Segment Start: DATA BELOW

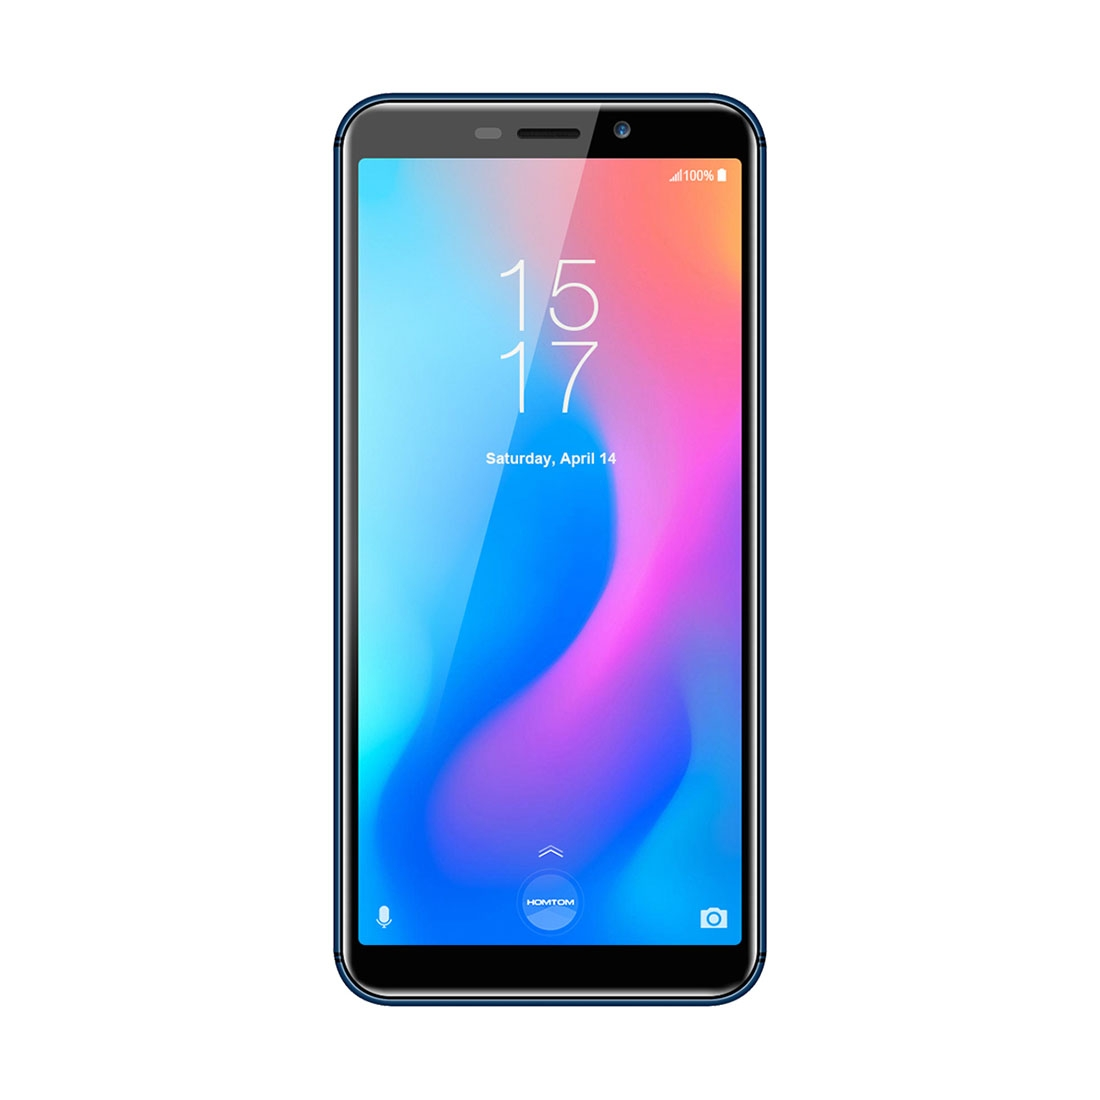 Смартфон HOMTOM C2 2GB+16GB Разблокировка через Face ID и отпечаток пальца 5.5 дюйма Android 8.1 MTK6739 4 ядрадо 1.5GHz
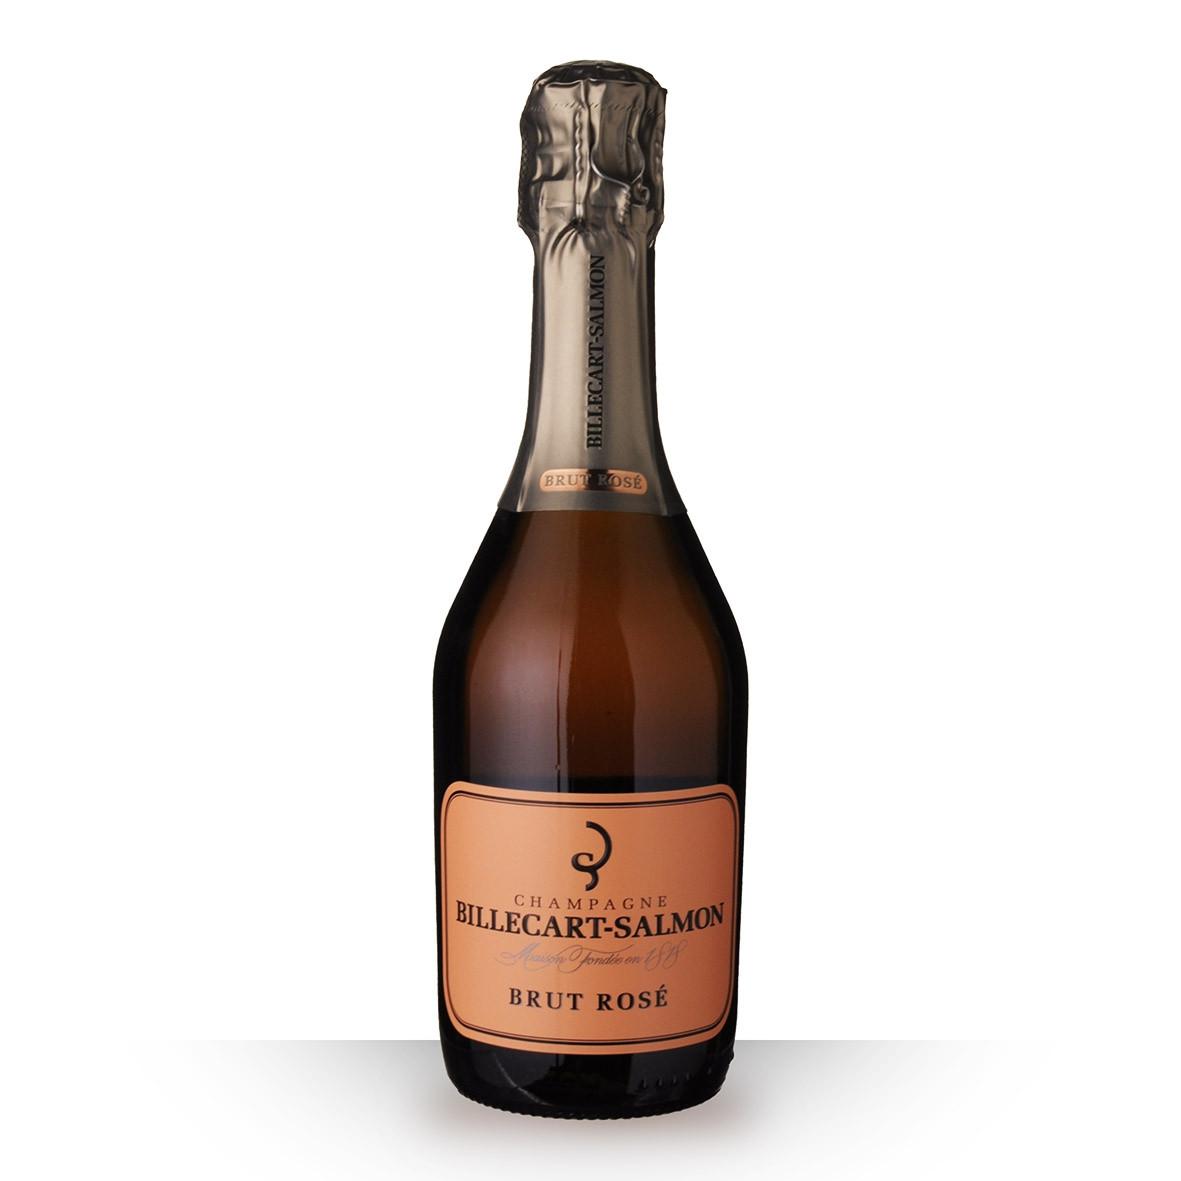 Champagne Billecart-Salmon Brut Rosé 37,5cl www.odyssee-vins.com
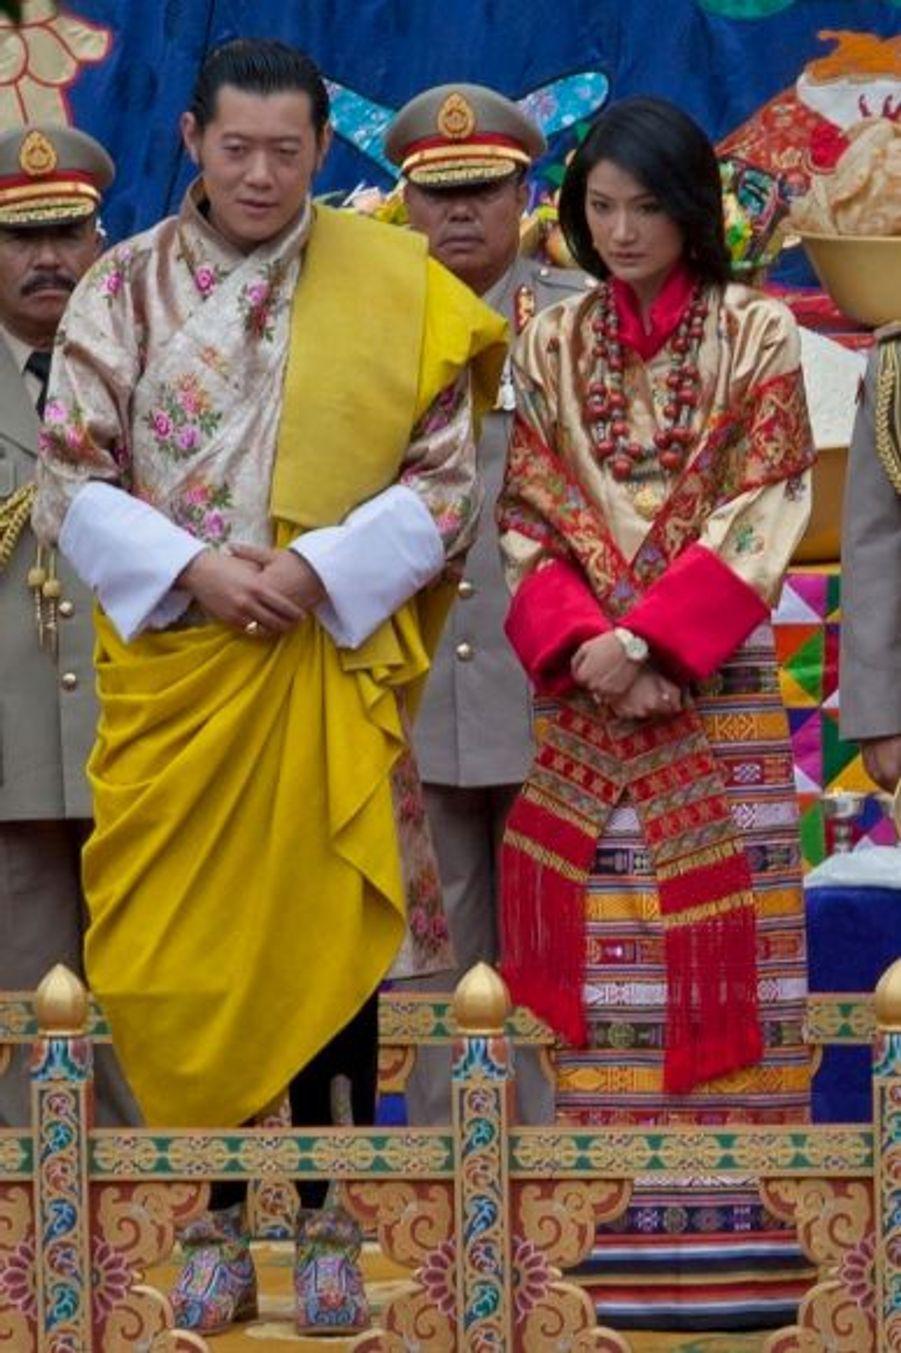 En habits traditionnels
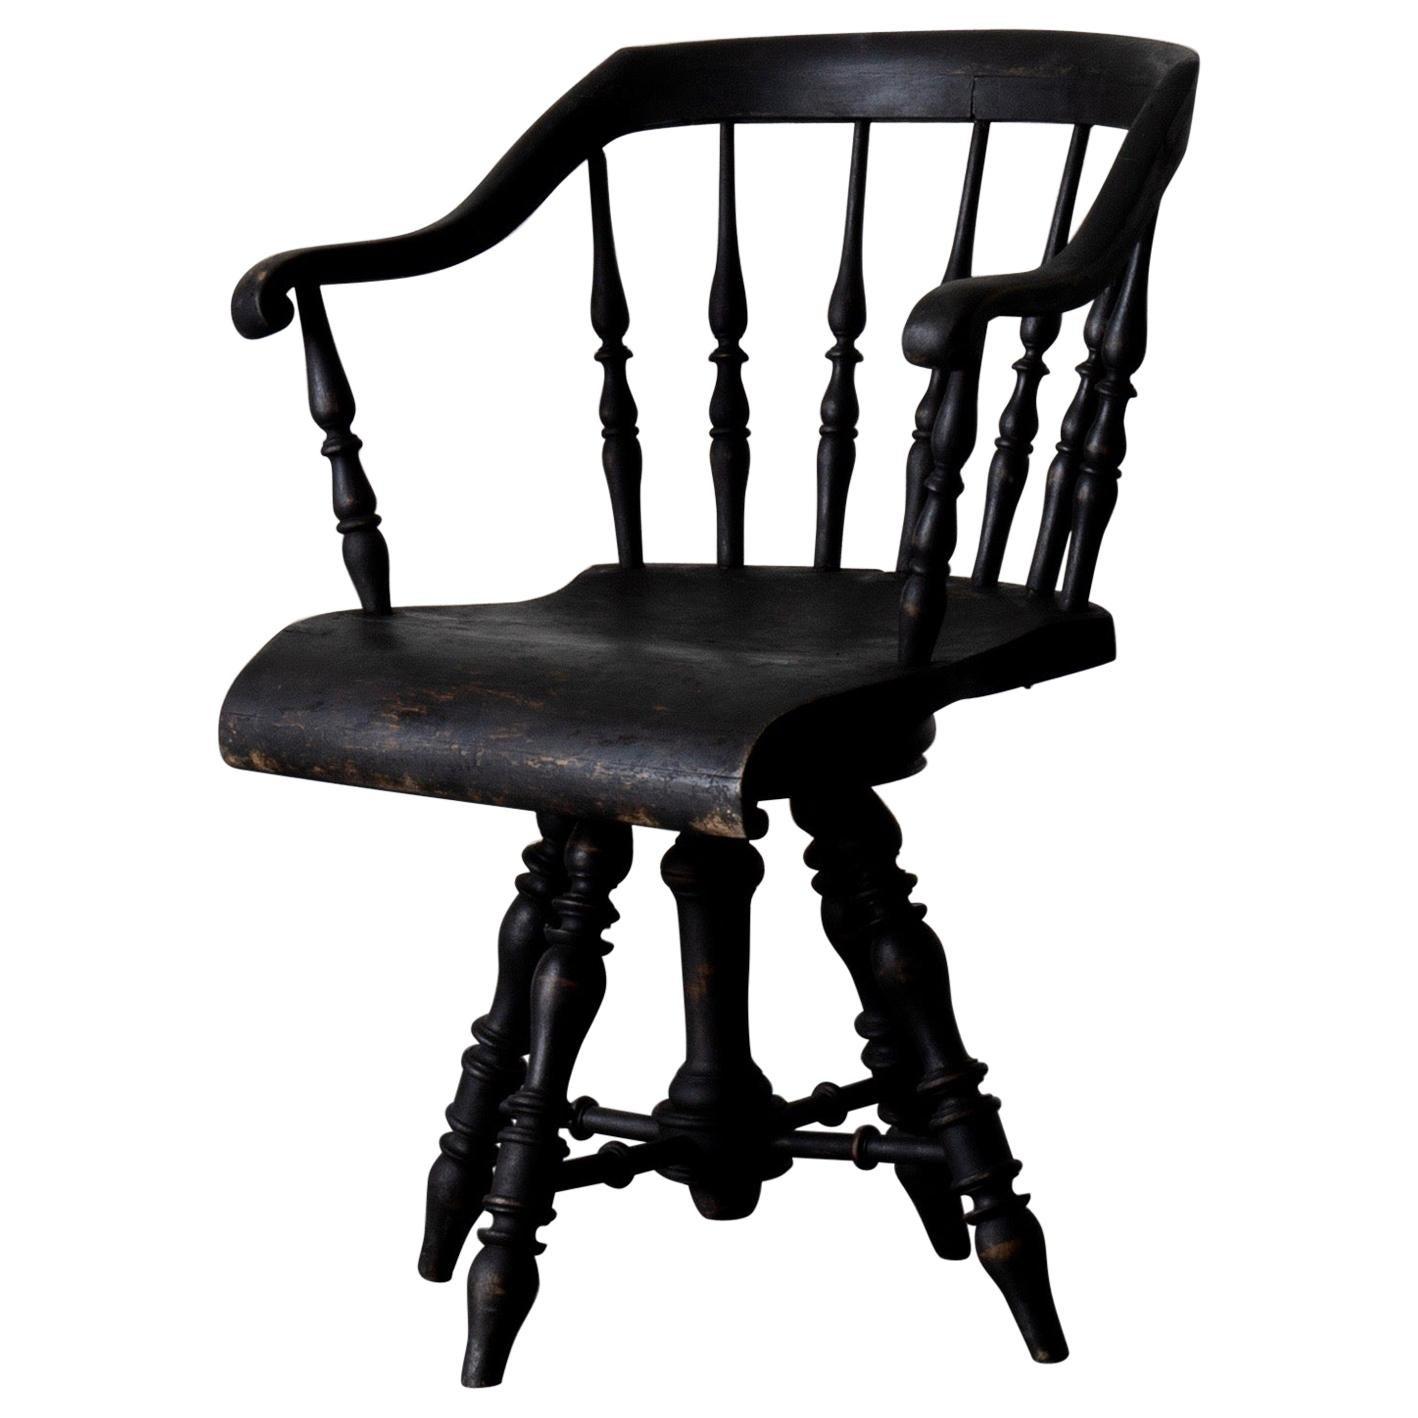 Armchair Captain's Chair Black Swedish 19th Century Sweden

Segment End: DATA BELOW

TASK PROMPT - Could the material above be given again in full and exactly, with its pictures left out?

TASK RESULT -
 Смартфон HOMTOM C2 2GB+16GB Разблокировка через Face ID и отпечаток пальца 5.5 дюйма Android 8.1 MTK6739 4 ядрадо 1.5GHz
 Champagne Billecart-Salmon Brut Rosé 37,5cl www.odyssee-vins.com
 En habits traditionnels
 Armchair Captain's Chair Black Swedish 19th Century Sweden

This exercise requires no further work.